According to the Ventura County Pressboard’s Crime Report, the burglary took place on Oct. 15 between 9 a.m. and 5:30 p.m. in Trinity Hall. In a public narrative written by officer Joe Ramirez, “An unknown suspect(s) entered the victim’s residence with the intent to commit a theft.”
The report identified Jennifer Barnard as the victim of the first-degree residential burglary, a felony under Penal Code 459, also known as “breaking and entering a property.”
The Echo contacted Barnard and she declined to comment.
The day after the burglary, Campus Safety sent a “Timely Notice” text message campus wide to inform students, faculty and staff of the burglary that had occurred. Miller said that these timely notices are something campus safety plans to utilize in the future.
“There are two types of things that will [cause us to] send notices. One is what they call a timely notice that is reportable under Cleary. Certain things that happen, where there is a continuing threat on campus. For example, had this burglar been caught, we may not have sent a timely warning, but we would have sent an alert message out to everybody saying this happened and the individual is in custody, but just as a reminder,” Miller said. “The same would happen if we had a sexual assault on campus and the person was not in custody. We would send a timely notice out. We would protect the identity of the victim, we always do that.”

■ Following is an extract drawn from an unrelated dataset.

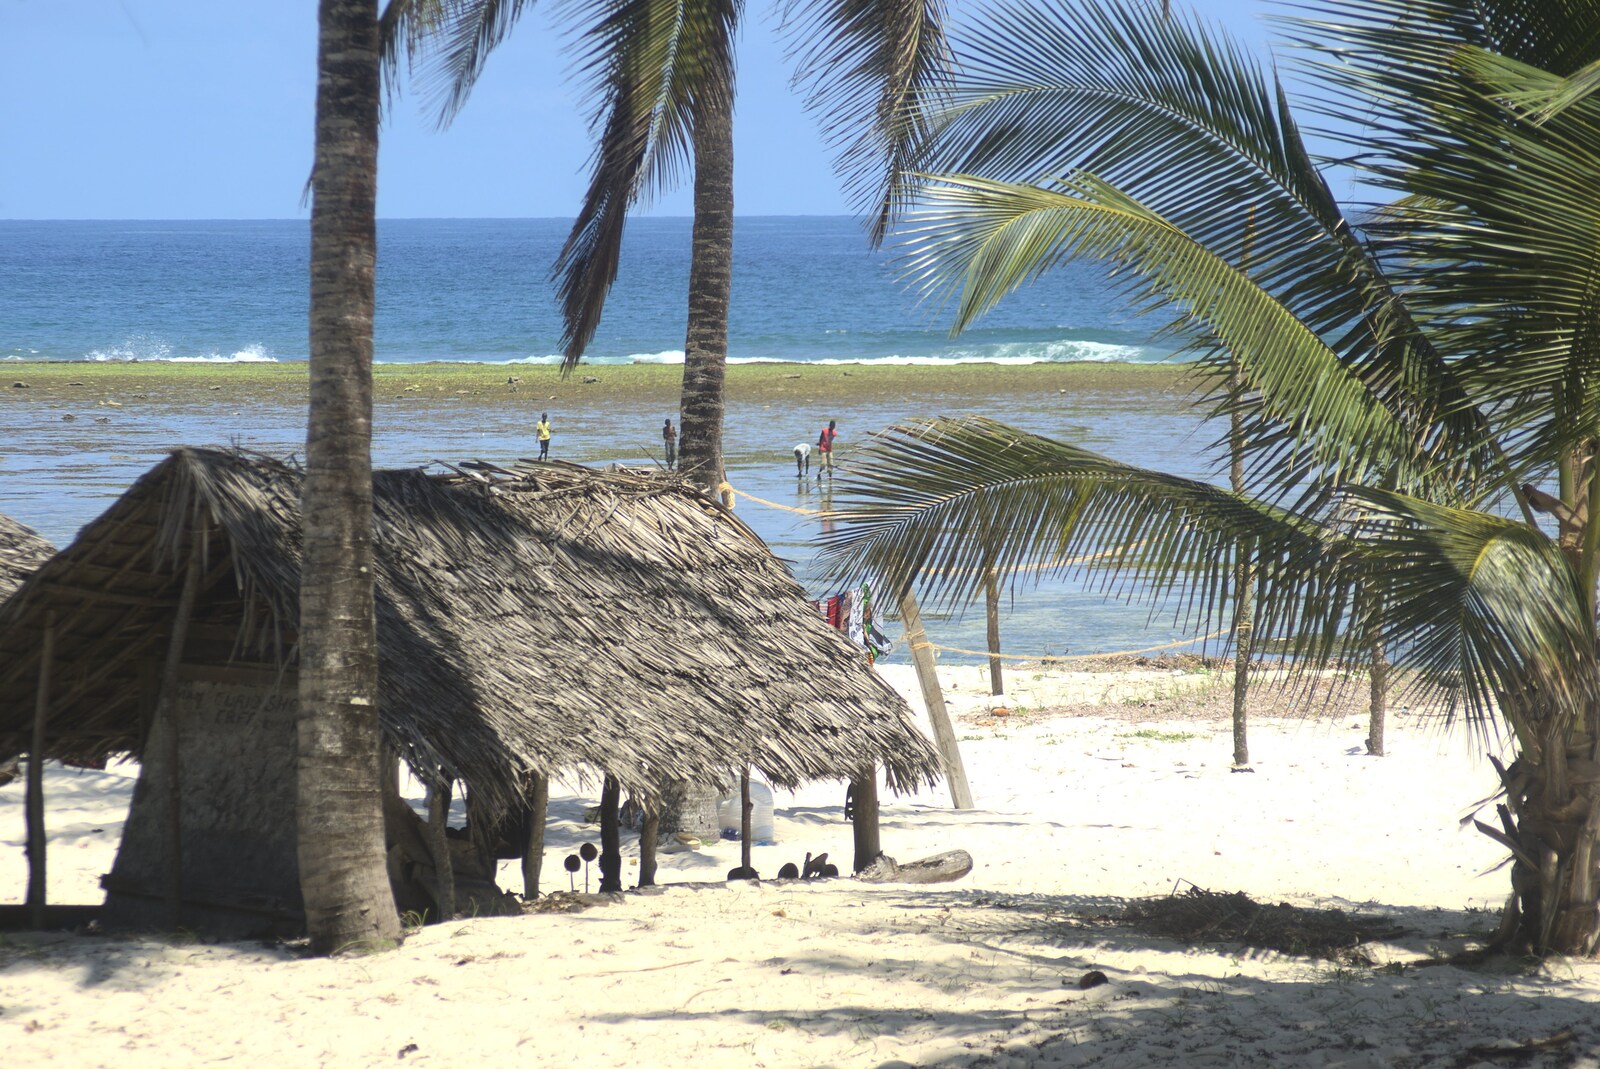 A thatched beach hut from Long Train (not) Runnin': Tiwi Beach, Mombasa, Kenya - 7th November 2010

According to Miller, there are also emergency notices that are sent as texts to students. Emergency notices would include events such as fires or roads being closed.
“We also have emergency notices. They go out a different way. They would, [however] still be sent out through text,” Miller said.
According to Miller, most burglaries are crimes of opportunity and students should take the necessary steps in order to ensure crimes like these don’t happen in the future.
“Lock it up. If it’s an electronic device, it’s expensive. If you leave it alone, it’s going to grow legs and walk off, or someone that has legs is going to take it and walk off,” Miller said
Moran also said that students should feel free to come to their RA’s if they ever feel unsafe.
“That’s what RA’s are there for, to build community and to keep people safe. Those are the biggest goals for an RA. If someone’s not feeling safe, the residents should communicate that with their corresponding RA no matter where they live,” Moran said.